• [Assignment]:
Copy the data exactly as it appears, and do not include any pictures.

• [Provided material]:
--------------------------------------------------
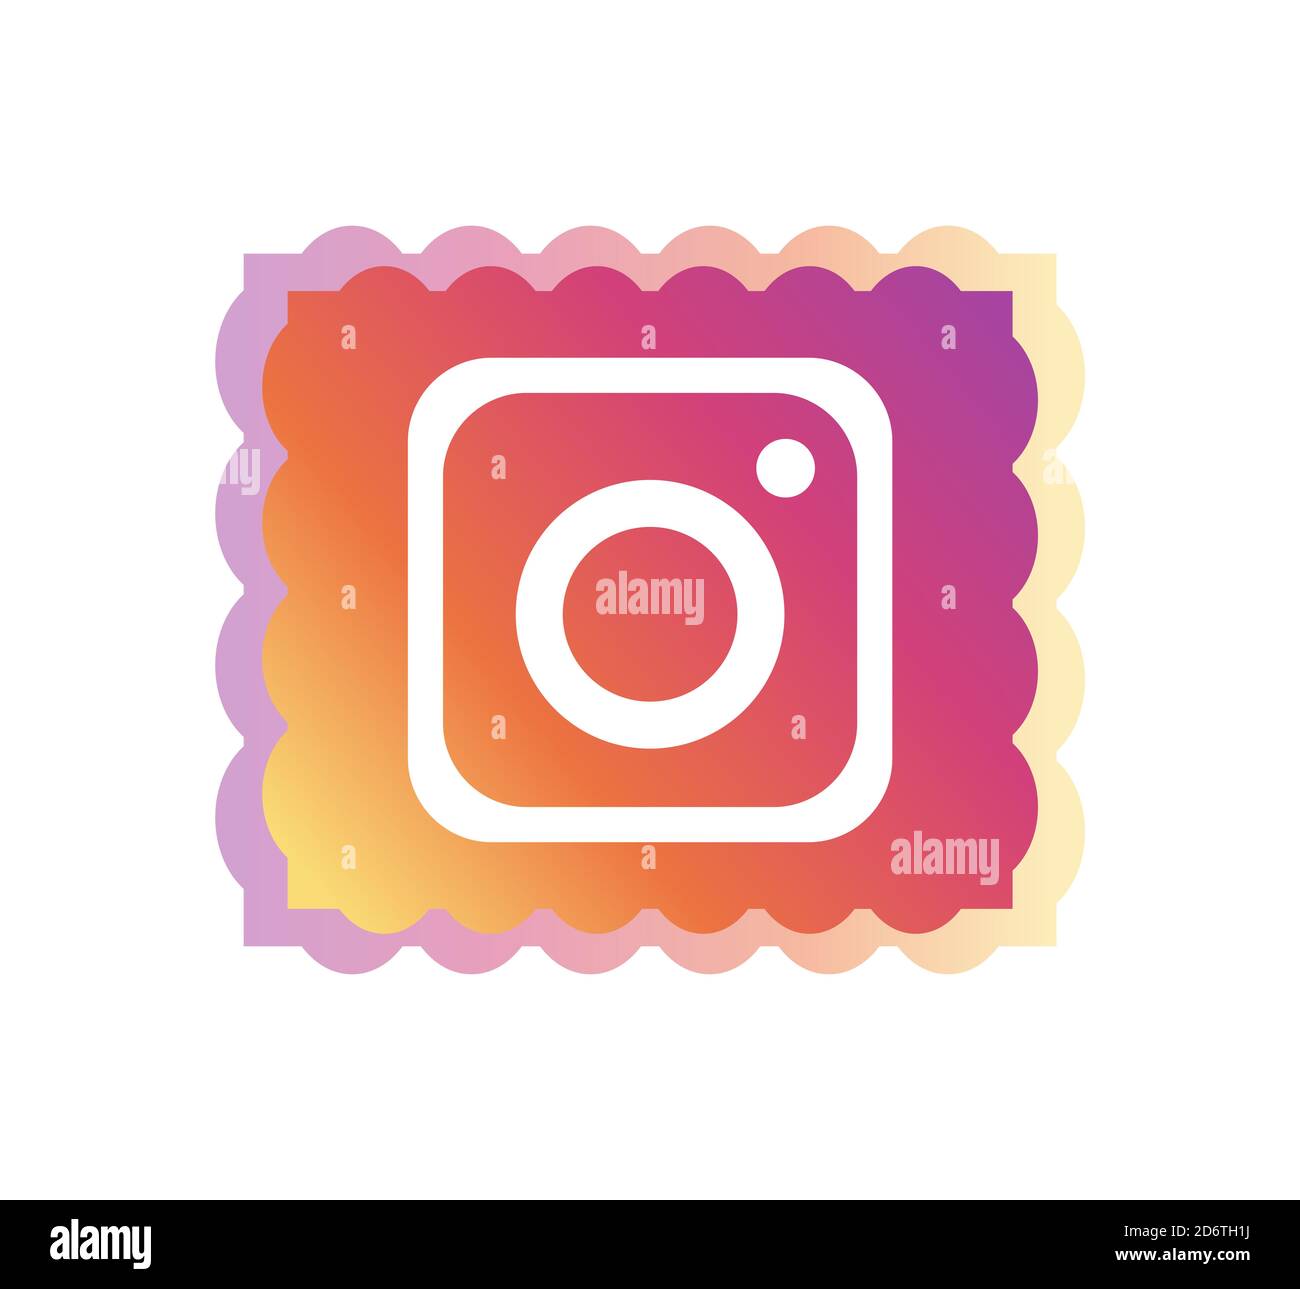 10 graphic designers reimagine the iconic Instagram logo | Dribbble Design  Blog
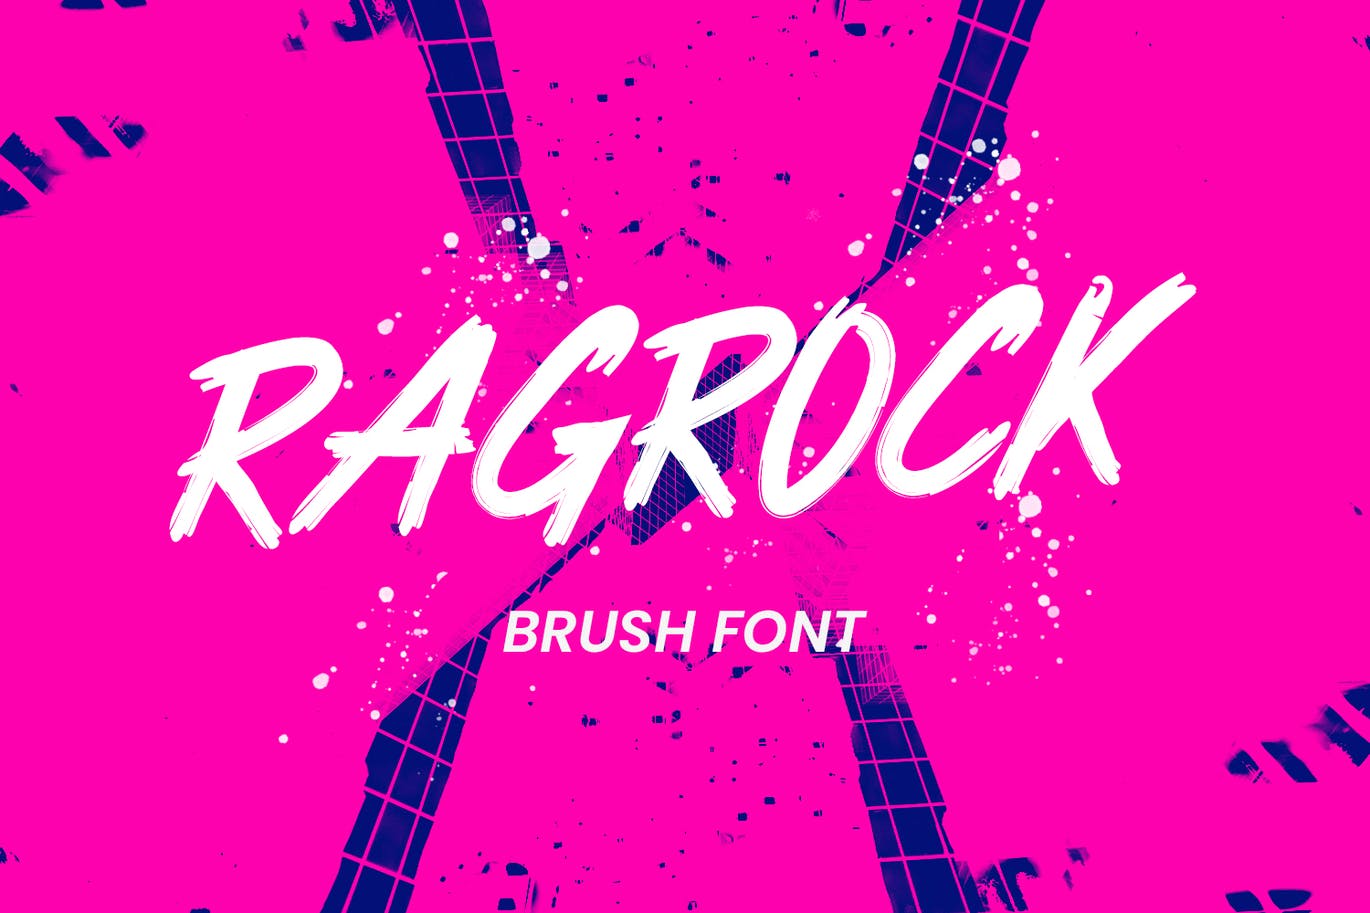 A cool brush font
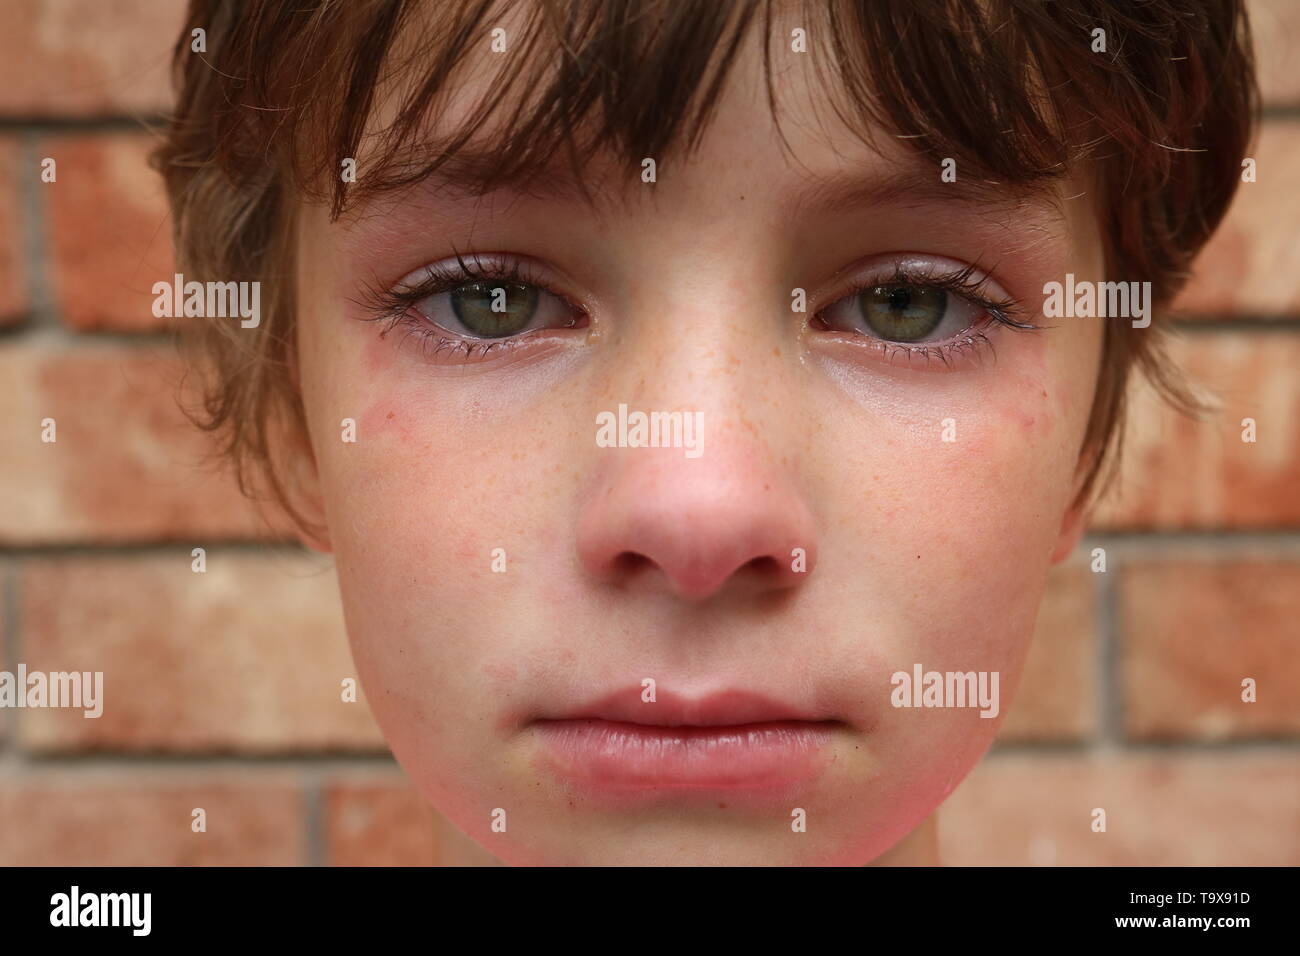 Portrait d'avoir des troubles de l'enfant avec la peau couperosée rouge et gros yeux verts Banque D'Images
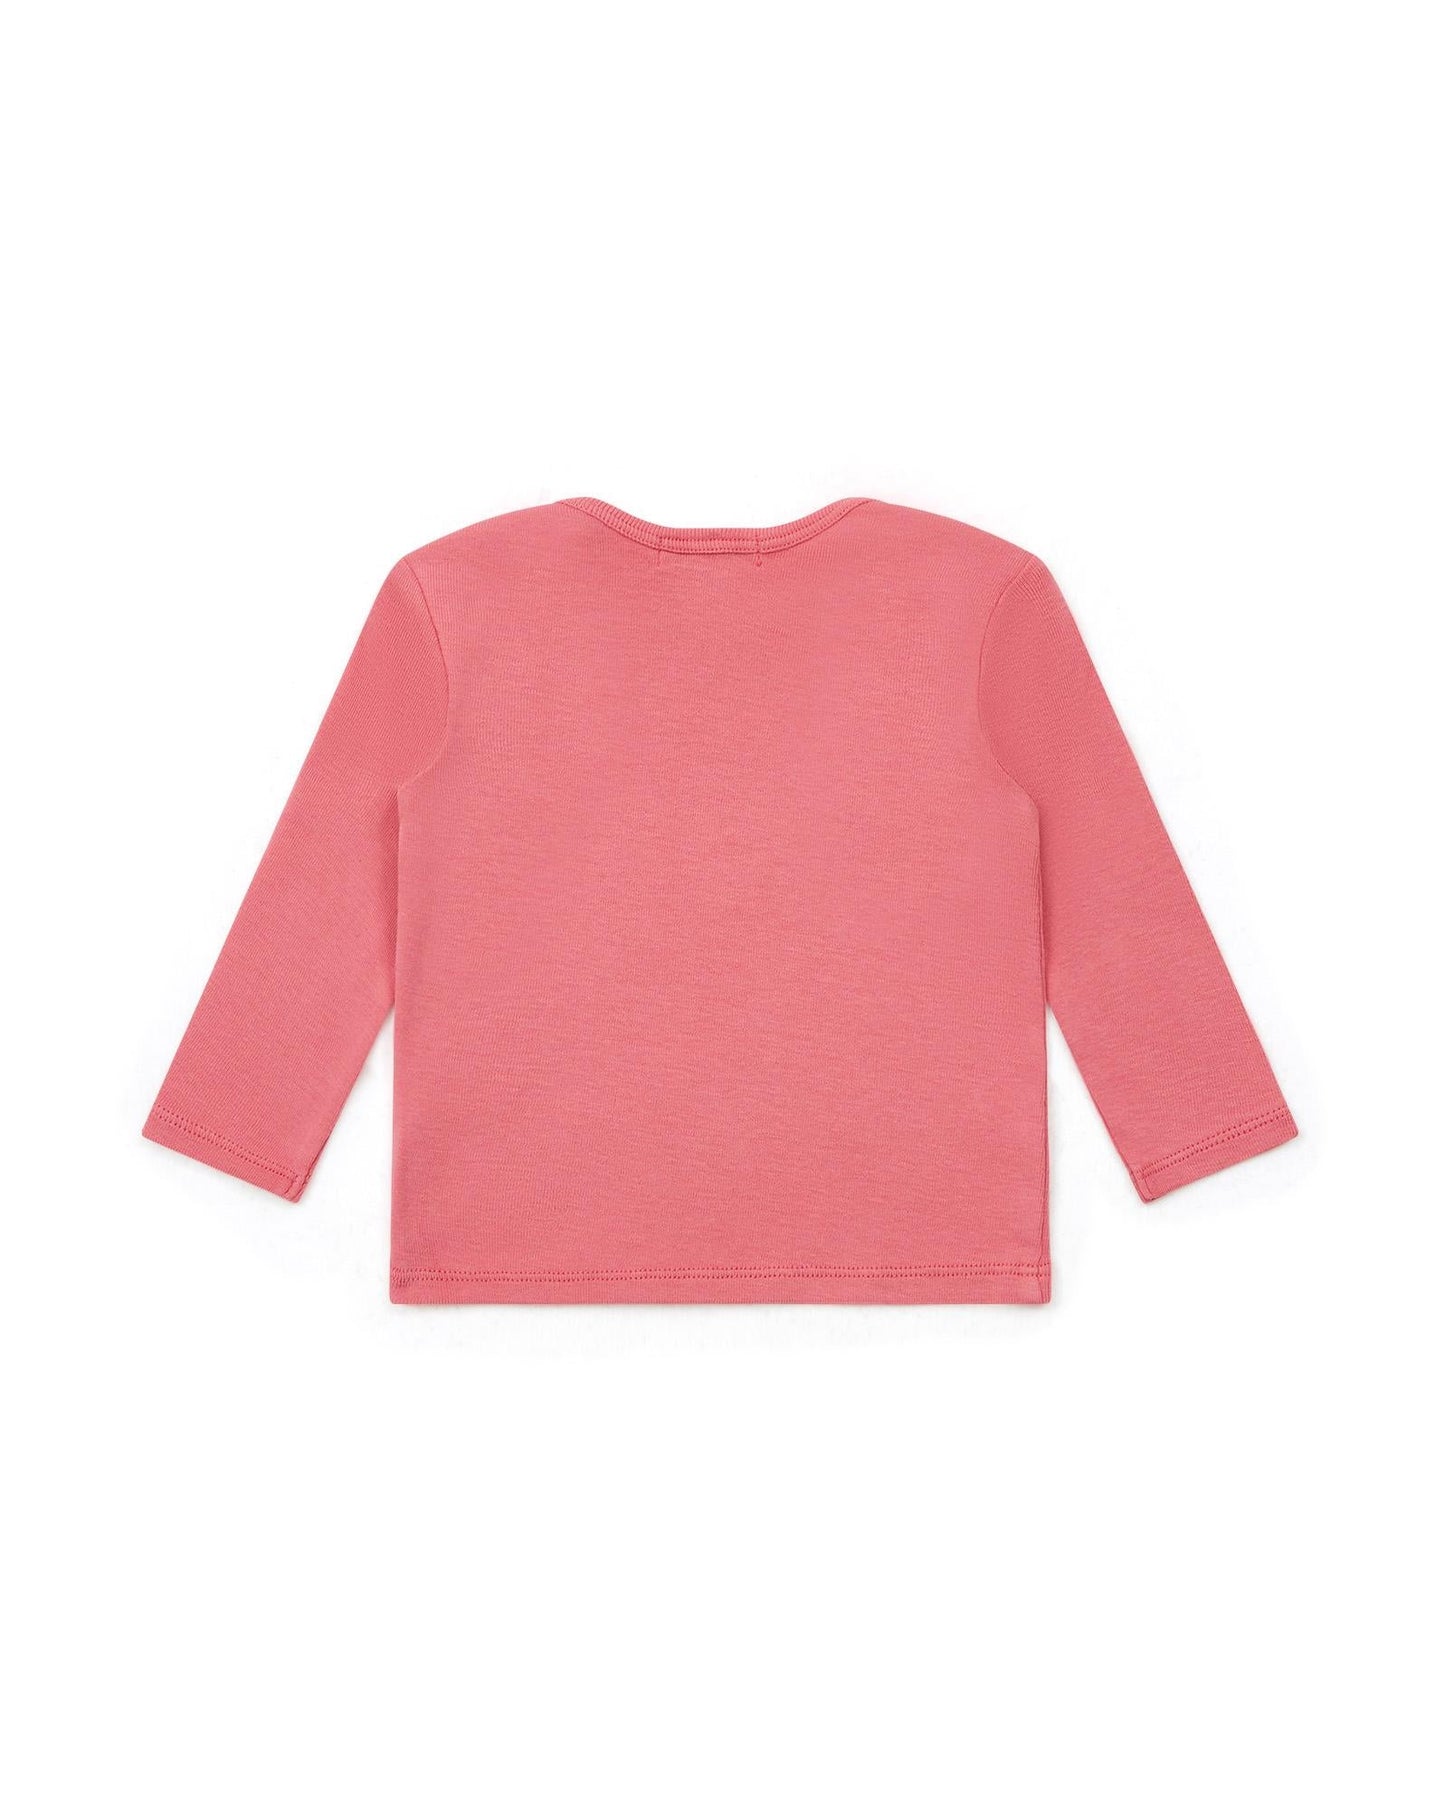 T-shirt - Tina Pink Baby ML 100% organic cotton
--------------------------------------------------
• [Written answer]:
 10 graphic designers reimagine the iconic Instagram logo | Dribbble Design  Blog
 A cool brush font
 Portrait d'avoir des troubles de l'enfant avec la peau couperosée rouge et gros yeux verts Banque D'Images
 T-shirt - Tina Pink Baby ML 100% organic cotton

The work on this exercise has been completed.